● **Raw data**
Start of Block

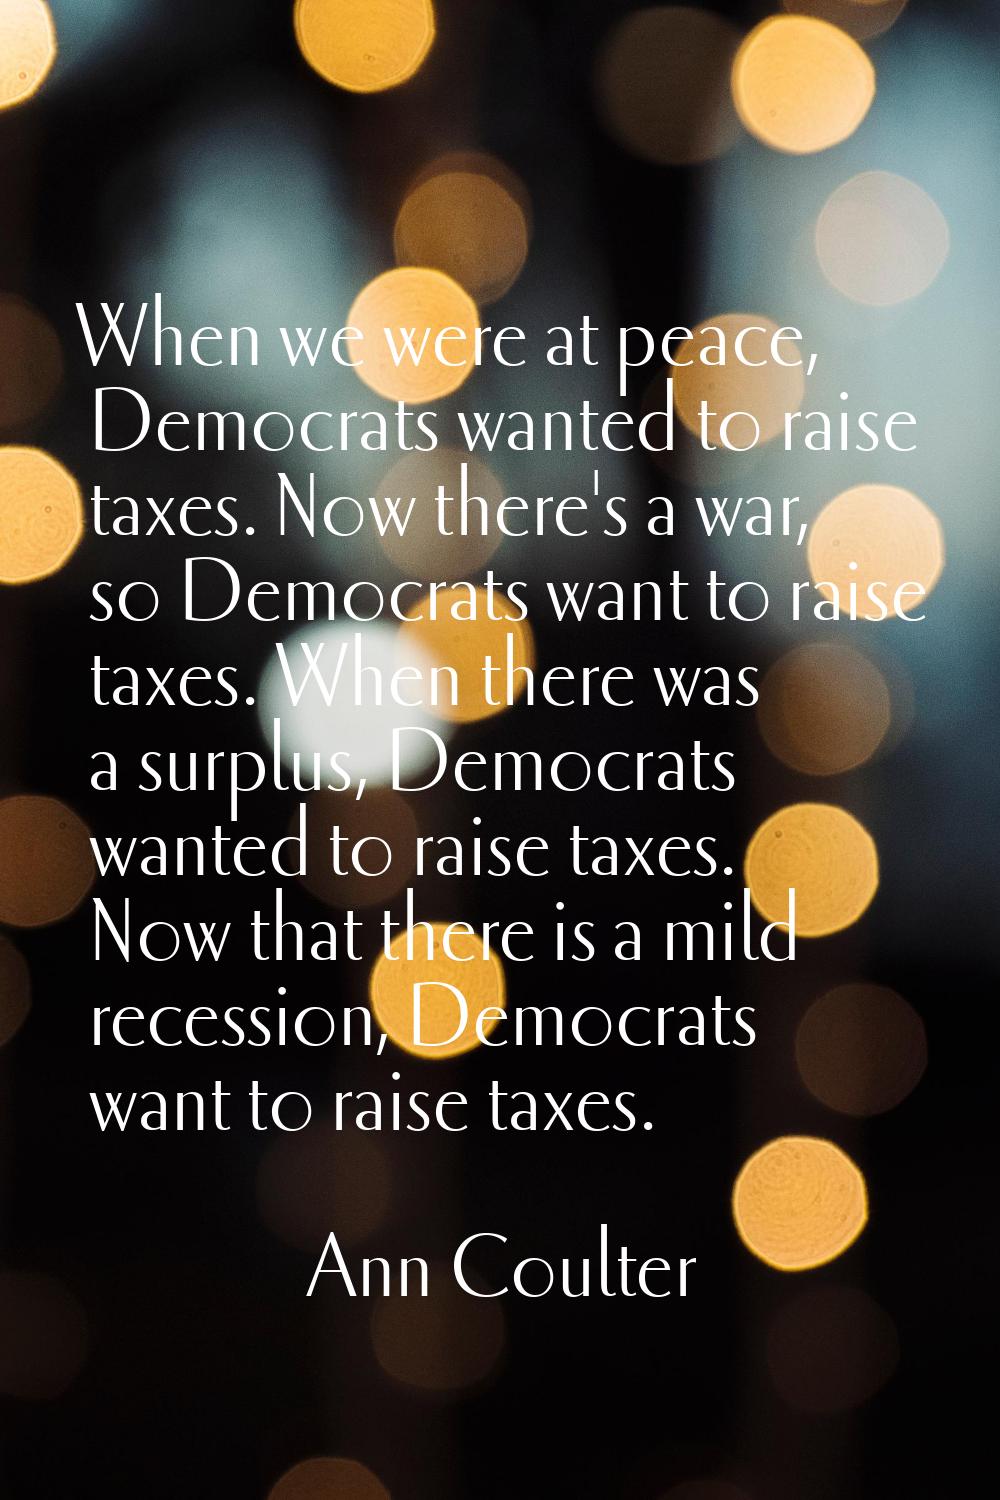 When we were at peace, Democrats wanted to raise taxes. Now there's a war, so Democrats want to rai
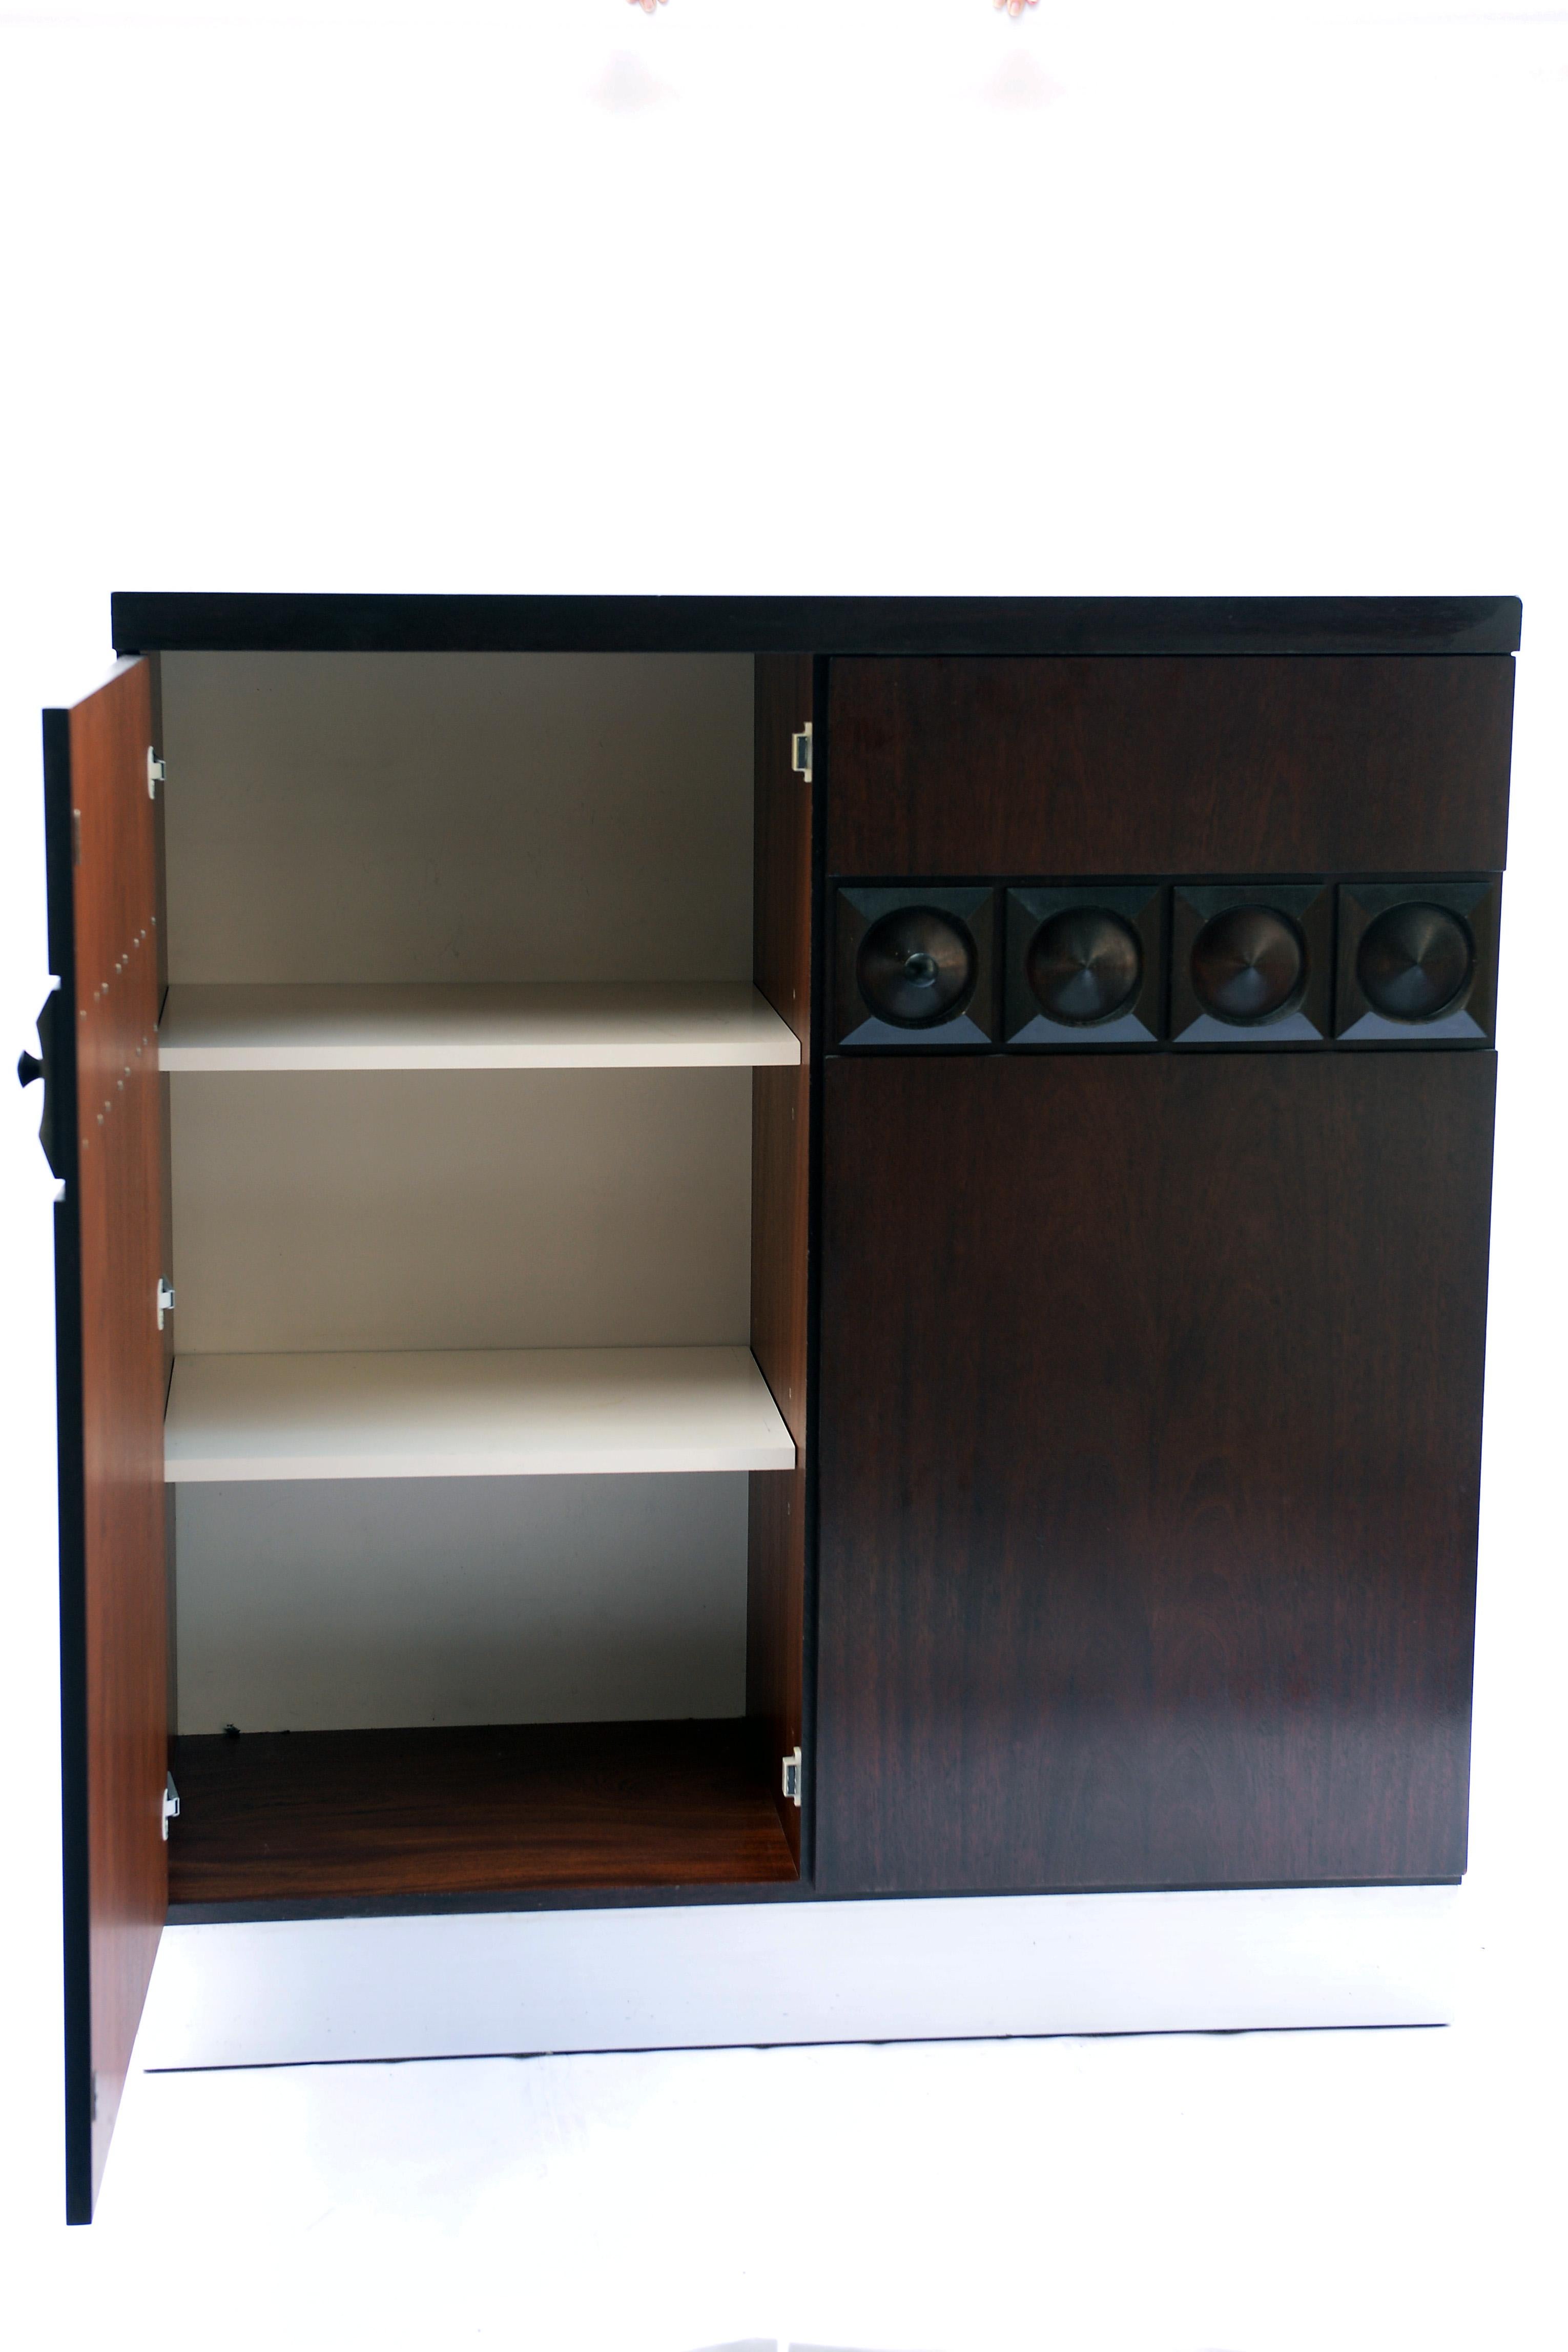 This two door cabinet is made from oak and unlike many other Brutalist cabinets this one has only a partly graphical design, making it more subtile.

It has two shelves on the left and the right door unveils a lit 3 shelves and a 3-bottle

End of Block

● **Task requirements**
Without including any images, output the data exactly as given.

● **Your response**
 When we were at peace, Democrats wanted to raise taxes. Now there's a war, so Democrats want to rai
 This two door cabinet is made from oak and unlike many other Brutalist cabinets this one has only a partly graphical design, making it more subtile.

It has two shelves on the left and the right door unveils a lit 3 shelves and a 3-bottle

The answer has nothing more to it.